Oturumda, Clinton'la birlikte senatörlük yaptıkları yıllardan kalma bir dostluğu bulunan Cumhuriyetçi Parti Arizona Senatörü ve 2008 başkanlık seçimlerinde Cumhuriyetçi Parti'nin adayı John McCain ise "Sizi yeniden sağlıklı ve mücadeleci görmek harika" diyerek övgüyle başladığı sözlerine, daha sonra sert eleştirilerle devam etti.
'Başkan olsaydım sizi görevden alırdım'
İsmi 2016 başkanlık seçimlerinde Cumhuriyetçi Parti'nin başkan adayları arasında geçen senatör Rand Paul ise eleştirinin dozunu daha da artırarak, Clinton'ı güvenlik kaygılarıyla ilgili diplomatik notları okumadığı gerekçesiyle oldukça sert biçimde eleştirerek, "Eğer ben o sırada ABD Başkanı olsaydım ve sizin Büyükelçi Stevens'dan gelen notları okumadığınızı öğrenmiş olsaydım. sizi görevinizden alırdım. Bence bu affedilemez bir hata" değerlendirmesinde bulundu.
Oturumda Cumhuriyetçi senatörlerin, Bingazi'deki misyonda güvenliğin artırılmasına yönelik talepleri görüp görmediğine dair ısrarlı sorularla karşılaşan Clinton, "Bingazi ile ilgili spesifik güvenlik talepleri, bakanlıktaki güvenlik çalışanları tarafından değerlendirilir. Bu talepleri görmedim. Bana gelmediler, onları ne onayladım ne de reddettim. Bu, bağımsız soruşturma komisyonunun raporunda da yer alan tespitlerden biriydi. Bu tip talepler genelde Dışişleri Bakanı'nın önüne gelmez" diye konuştu.
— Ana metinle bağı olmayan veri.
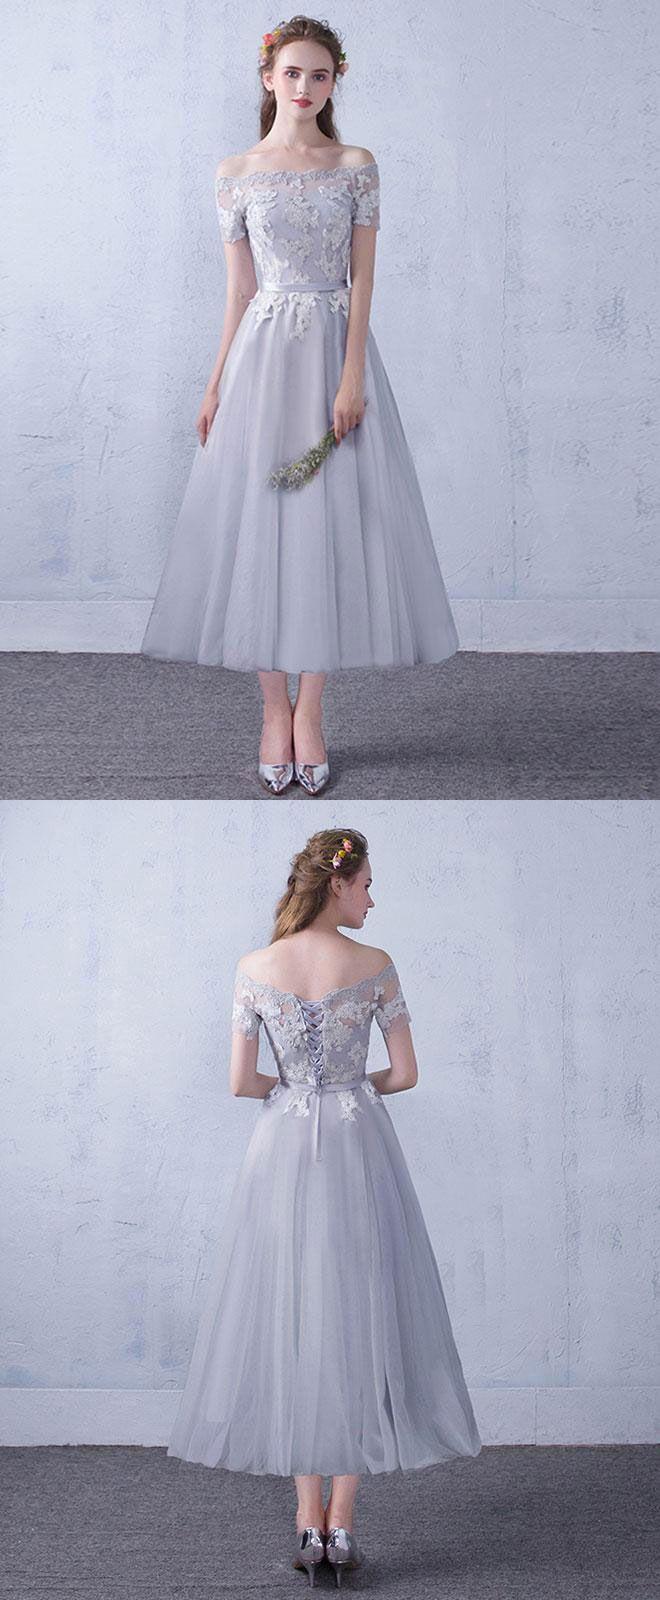 Gray tulle lace tea length prom dress gray bridesmaid dress

'Clinton'dan veda sözleri'
Oturumun duygusal anlarından biri olarak da Clinton, adeta bir veda konuşması niteliğinde, bakanlıktaki 4 yılında 112 ülkeyi kapsayan yoğun bir seyahat programı izlediğini hatırlatarak, "Ülkemize ve geleceğimize olan inancım her zamankinden daha güçlü. Üzerinde 'Amerika Birleşik Devletleri' yazılı mavi ve beyaz renkli uçak her seferinde uzaktaki bir başkente indiğinde, dünyanın vazgeçilmez ülkesini temsil etmenin onurunu tekrar yaşıyorum. Ve şuna eminim ki sizin yardımınızla ABD'yi güvenli, güçlü ve müstesna kılmaya devam edeceğiz" ifadelerini kullandı.
Oturuma, Senato Dış İlişkiler Komitesi Başkanı John Kerry'nin Dışişleri Bakanlığı'na aday gösterilmesi nedeniyle komitenin yeni başkanı olması beklenen Demokrat Parti New Jersey Senatörü Bob Menendez başkanlık etti.